I'll Be Home for Christmas napisano z myślą o amerykańskim żołnierzu
ostatniej wojny światowej i właśnie takiego poznałam tydzień temu, gdy z
krewnymi i znajomych obchodziliśmy Thanksgiving,
Święto Dziękczynienia. Podsłuchałam z drugiego końca stołu, że dzisiejszy
weteran miał osiemnaście lat, zgłaszając się na komisję poborową, i że latał potem
nad Europą transportując spadochroniarzy. Napadłam go przy deserze prosząc o
wspomnienia z tego okresu i ze wszystkich zwierzeń utknęła mi myśl wypowiedziana
mimochodem.
- Byliśmy młodzi i tak naprawdę nie mieliśmy pojęcia, co robimy.
I druga, dodana
na odchodne:
- Wygraliśmy tę
wojnę liczebnością. W odpowiednim momencie było nas [aliantów] więcej, niż
wojsk wroga.
I to tyle o micie
niepokonanej armii amerykańskiej.
Max, bo tak
prosił zwracać się do siebie rozmówca, wrócił z wojny do domu na Gwiazdkę nie
tylko in his dreams, w
marzeniach, jak wzmiankuje ostatnia linijka tekstu. Rzeczywiście dotarł w rodzinne strony. Poznał w
Indianie Polkę trzeciej generacji, mówiącą jeszcze po polsku, zakochał się z
wzajemnością...
Moi dziadkowie
już o historiach wojennych mi nie opowiedzą, ale wiem, że pochodzili z tych
samych okolic, z tego samego miasteczka. Mieszkali na równoległych ulicach, a
poznali się dopiero w 1942 roku. On, wysoki, przystojny, czarnobrewy, o długich
palcach muzyka. Ona drobniejsza i przepięknie uśmiechnięta, w sukienkach
szytych na miarę. Znali się może trzy miesiące, gdy zapadła decyzja o ślubie, a krótki, początkowy staż małżeński po przymusowym wcieleniu dziadka do armii
niemieckiej przerwał wyjazd do Danii. Potrafiąc grać na kilku instrumentach,
dziadek trafił do orkiestry. Żałuję, że nie zapytałam w porę, dlaczego pewnego dnia zagrał na środku niemieckich koszar (?) polski hymn
państwowy? Czy chciał popełnić samobójstwo? Czy była to brawura czy odwaga? W rodzinie mówi się, że było jak w Pianiście,
kiedy niemiecki kapitan, zachwycony grą daruje Szpilmanowi życie. Egzekucja
ominęła dziadka tylko dlatego, że żal było pozbywać się utalentowanego muzyka.

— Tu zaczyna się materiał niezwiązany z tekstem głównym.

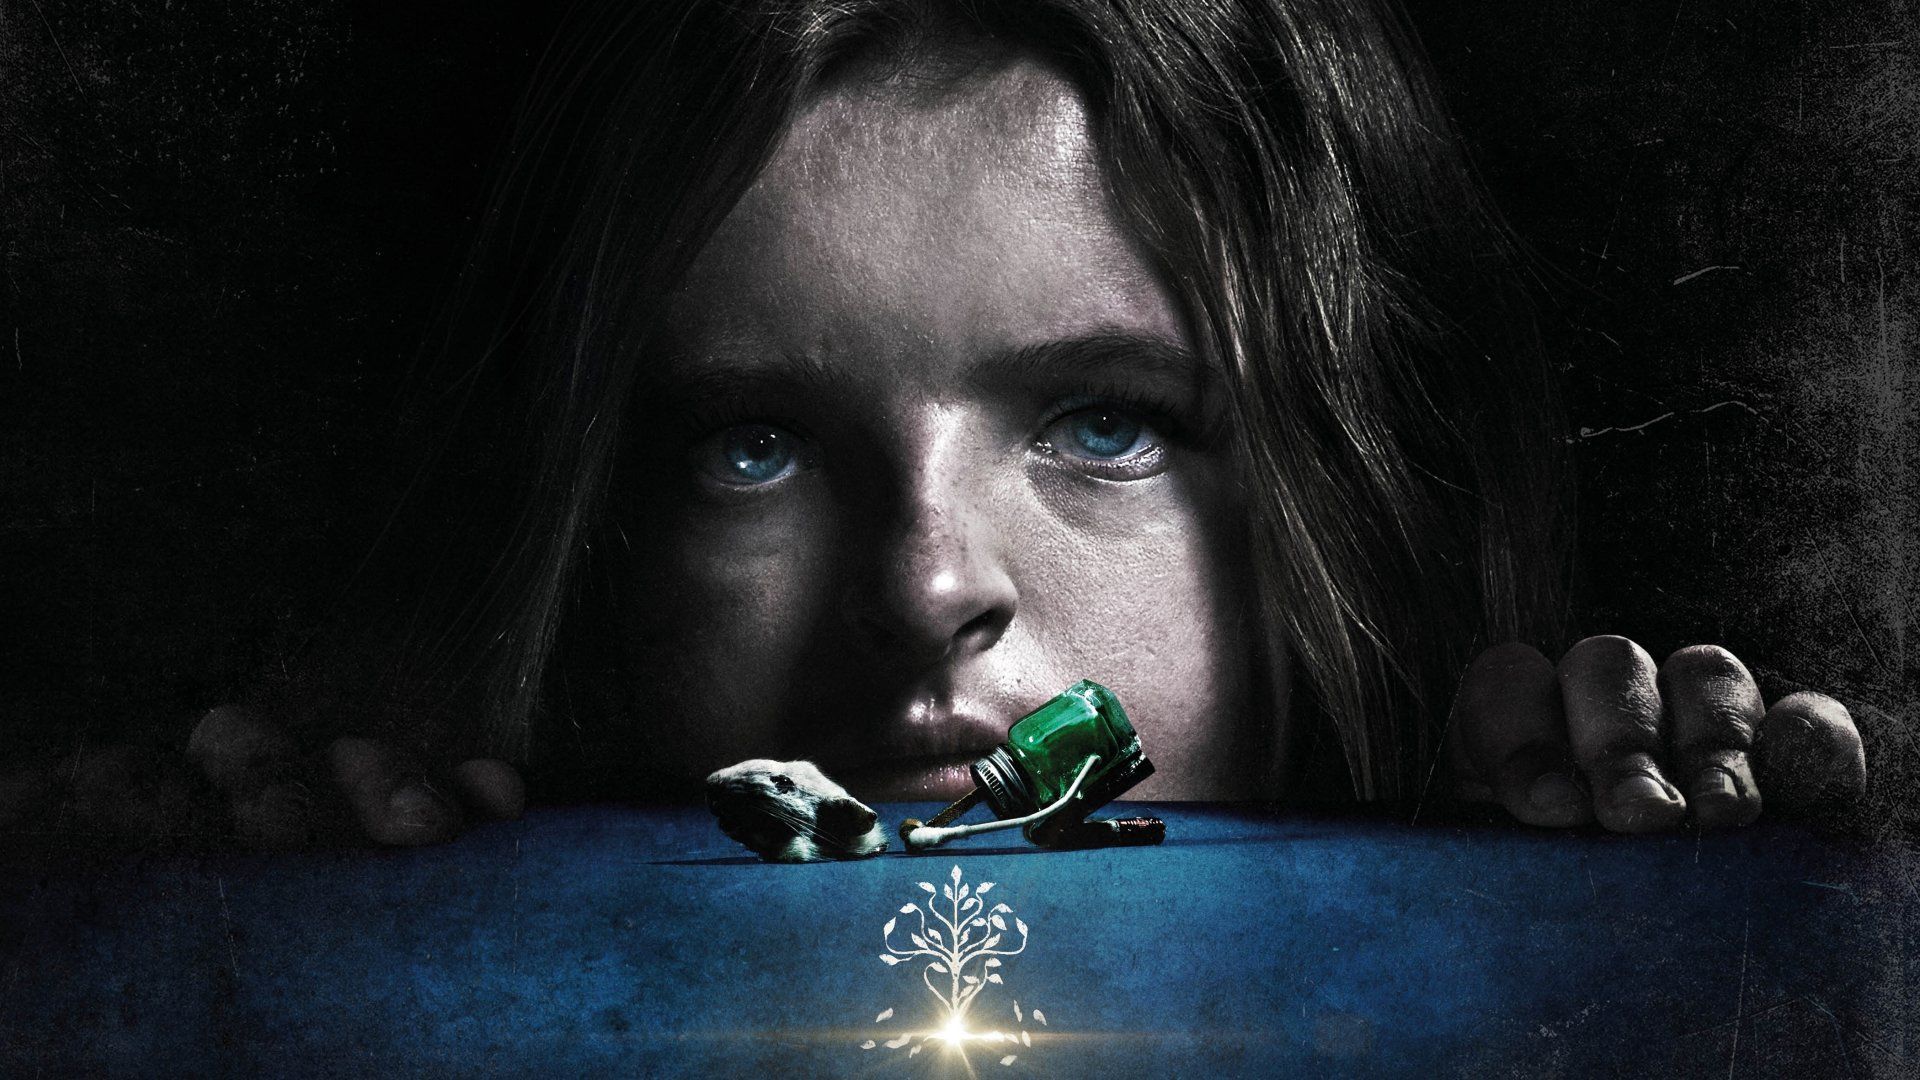 Hereditary is one of the most popular horror films

Ale co poczuł, gdy dowiedział się znów innego dnia, że ma odstawić nuty i strzelać z działa
przeciwlotniczego do alianckich samolotów? Opowiadał, że tak marnie celowo
celował, aż odsunięto go od zadania. A zaraz potem dostał się do niewoli
amerykańskiej, gdzie nagle jeden po drugim „niemieccy”
żołnierze mówiący po polsku zaczęli wiązać sobie na ramionach
biało-czerwone kolory. Wyłowiwszy z więźniów kolumny Polaków, Amerykanie przerzucili
ich do Anglii i stamtąd można było wreszcie zawalczyć oficjalnie po właściwej
stronie.
Wcielenie na siłę
do Wehrmachtu albo kulka w łeb i wywózka najbliższych do obozu. Co wybrać? Czy
gdyby dziadek nie poznał babci, nie zakochał się, mniej ceniłby życie i odmówiłby
założenia niemieckiego munduru? Czy straciwszy głowę dla uroczej,
siedemnastoletniej panny Kowalskiej nadzwyczajnie w świecie się ocalił?
Historia nie jest
czarno-biała, mówię Kozie. Nawet ta zupełnie wczorajsza, kiedy oboje z Kozakiem
- siostra z bratem - przyszliście na siebie wspólnie poskarżyć. I widać to na
przedwojennych zdjęciach, że kontrast kontrastem, a jest też sporo szarości.
I'll Be Home for
Christmas.
Ciekawa jestem, kiedy
pierwszy raz moi dziadkowie usłyszeli tę piosenkę.
Nauczywszy się na
obczyźnie angielskiego, dziadek, jak przypuszczam, tekst by zrozumiał, bo jest
prosty. Może trochę trudności sprawiłoby słowo mistletoe - jemioła, pod którą świąteczny pocałunek jest gwarancją
ziszczenia marzeń zakochanych. Przynajmniej według konwencjonalnej, okolicznościowej komedii romantycznej made in USA.
Moi dziadkowie
nie całowali się pod jemiołą zawieszoną u sufitu (czy na drzwiach wejściowych).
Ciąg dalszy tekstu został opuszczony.